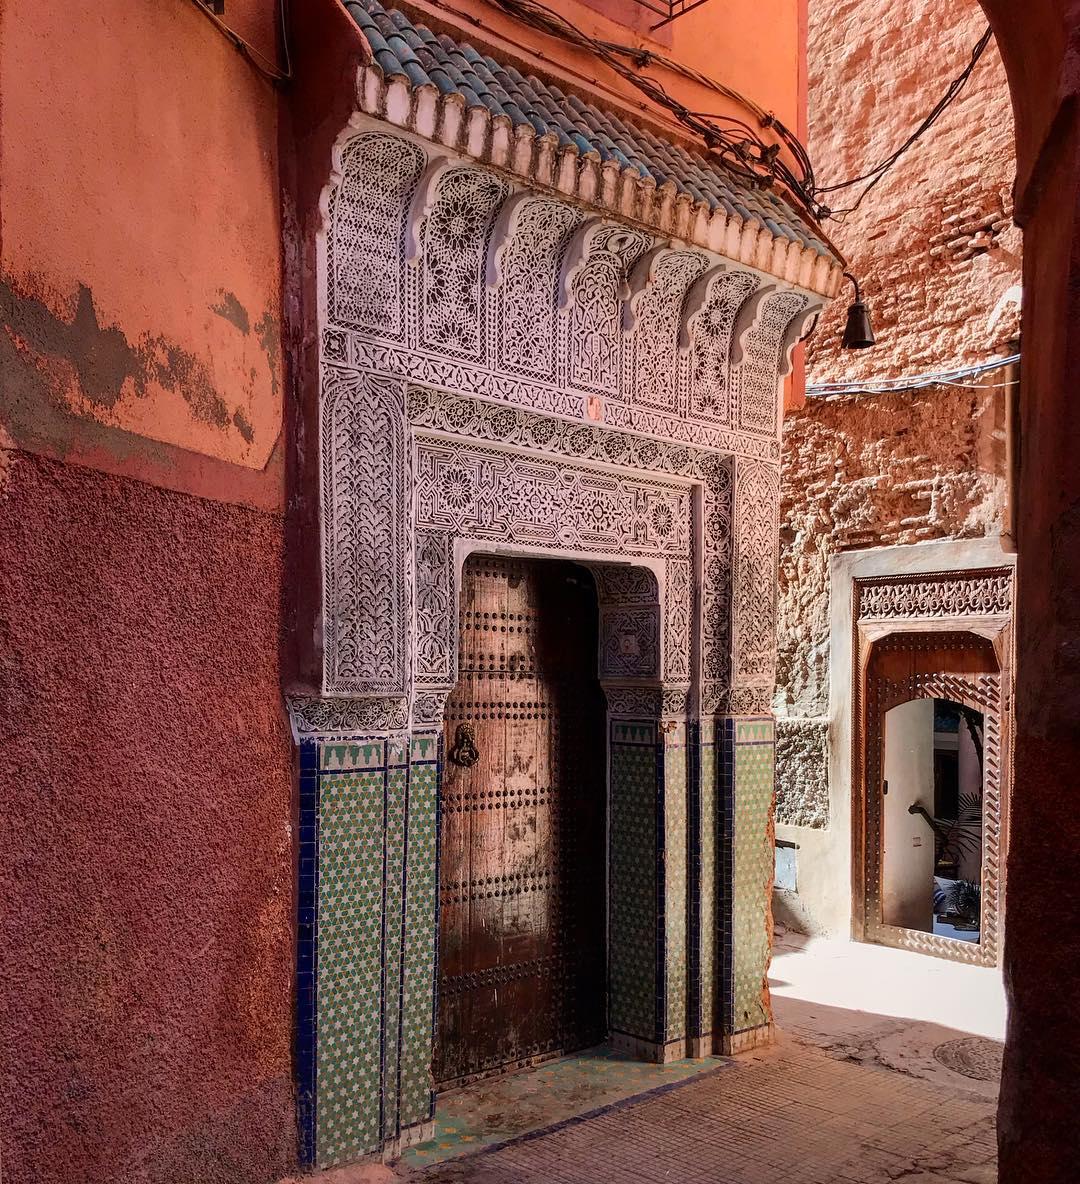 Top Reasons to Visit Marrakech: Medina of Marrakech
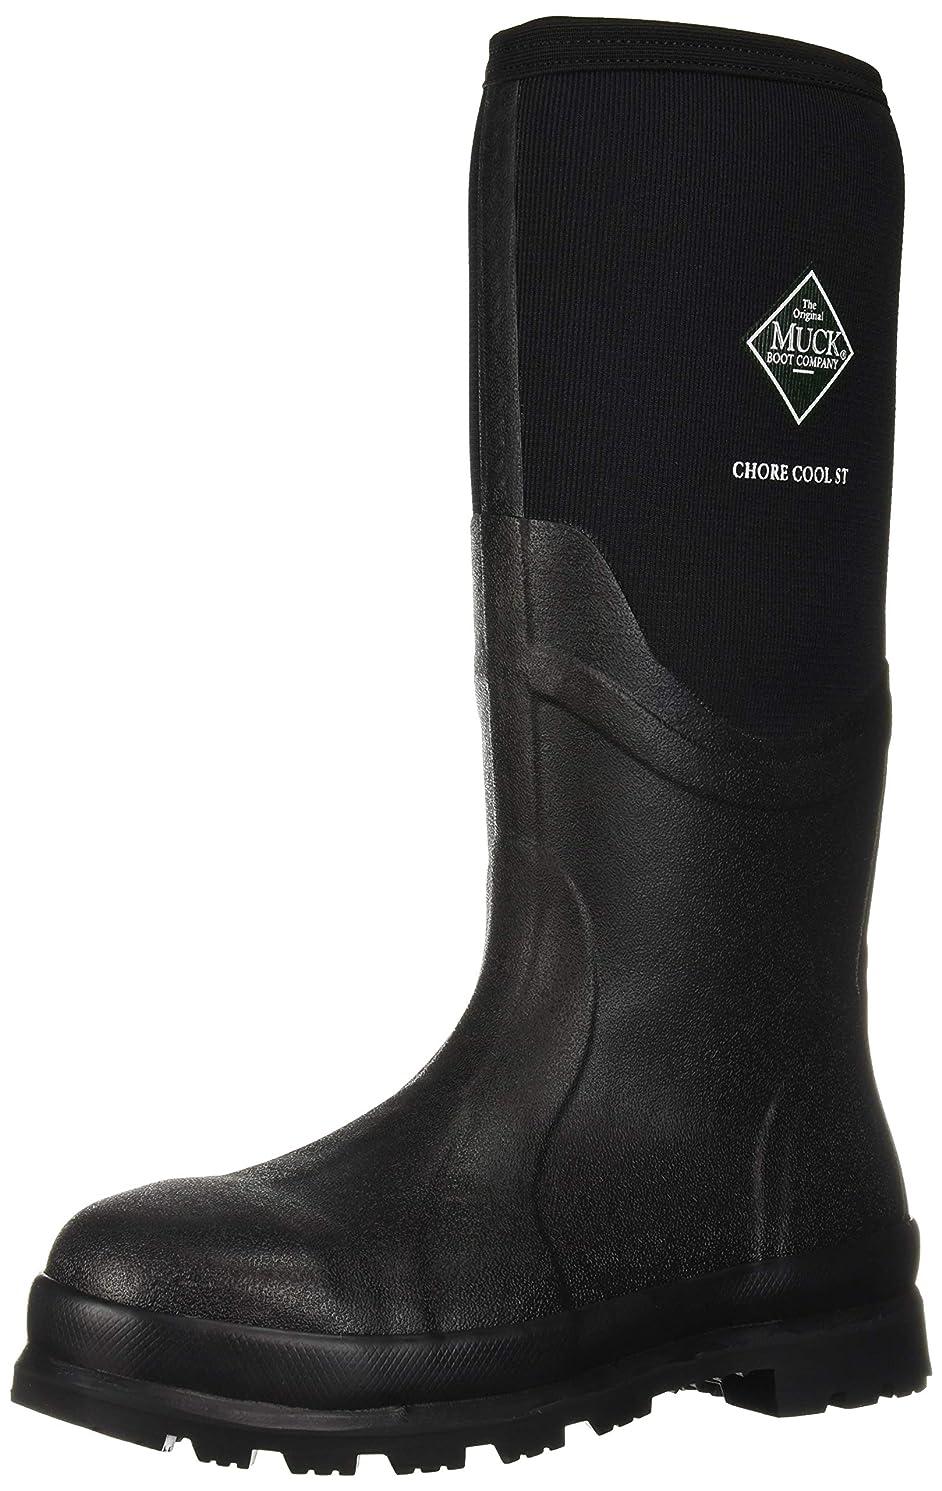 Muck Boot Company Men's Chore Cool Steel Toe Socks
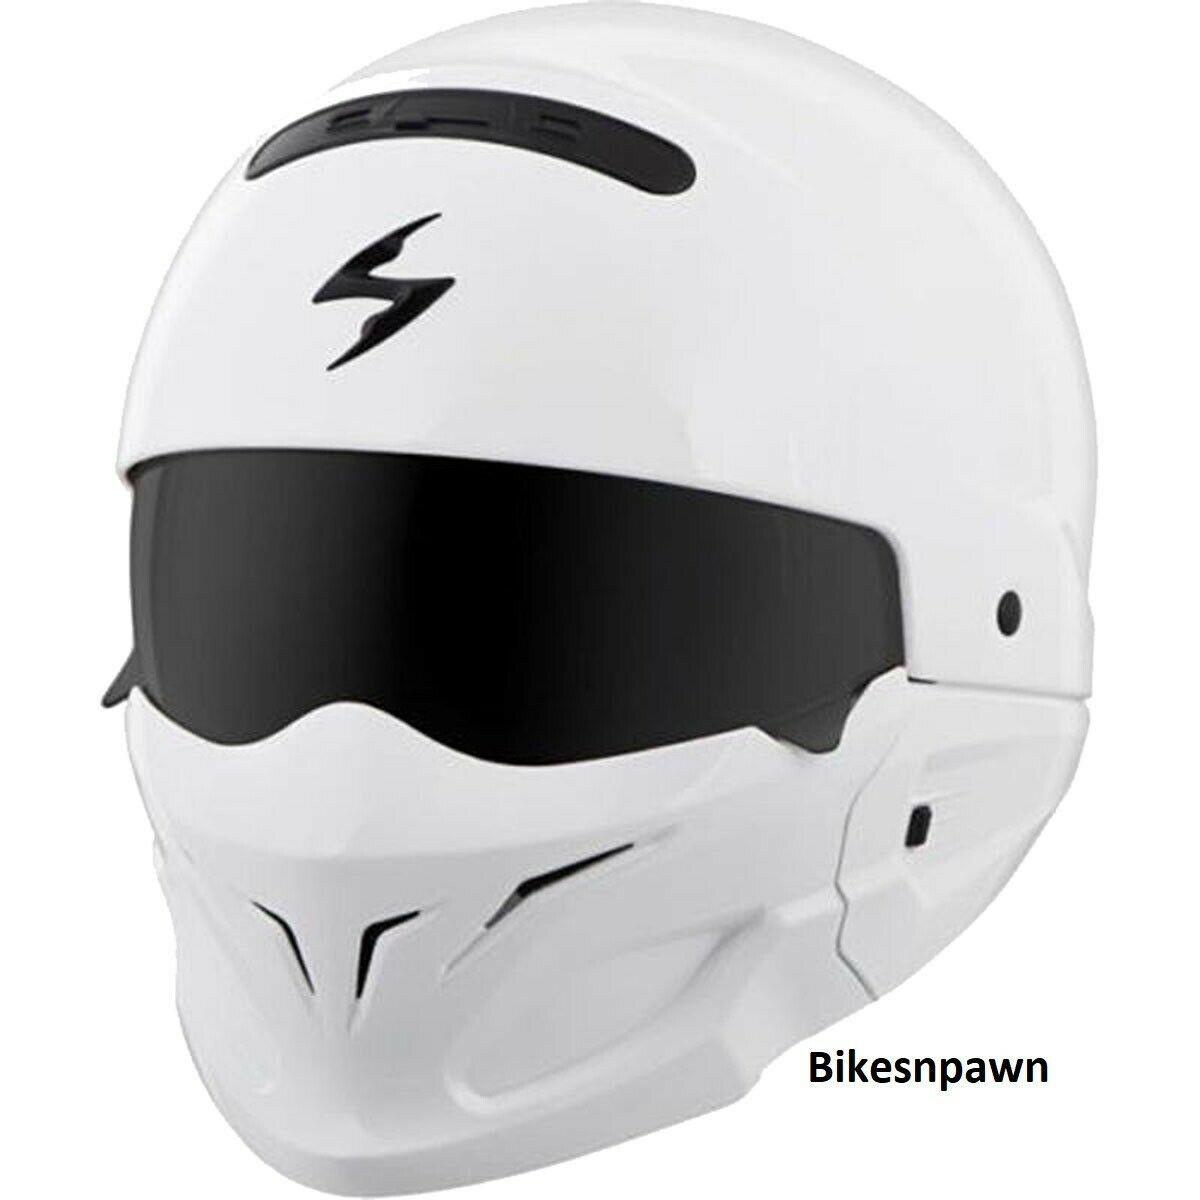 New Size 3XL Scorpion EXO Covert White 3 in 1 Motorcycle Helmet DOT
* * * * * * *
- [WHAT IS BEING ASKED] Give back the data exactly, with no images.

- [SOLUTION TO THIS EXERCISE]
 Top Reasons to Visit Marrakech: Medina of Marrakech
 Muck Boot Company Men's Chore Cool Steel Toe Socks
 New Size 3XL Scorpion EXO Covert White 3 in 1 Motorcycle Helmet DOT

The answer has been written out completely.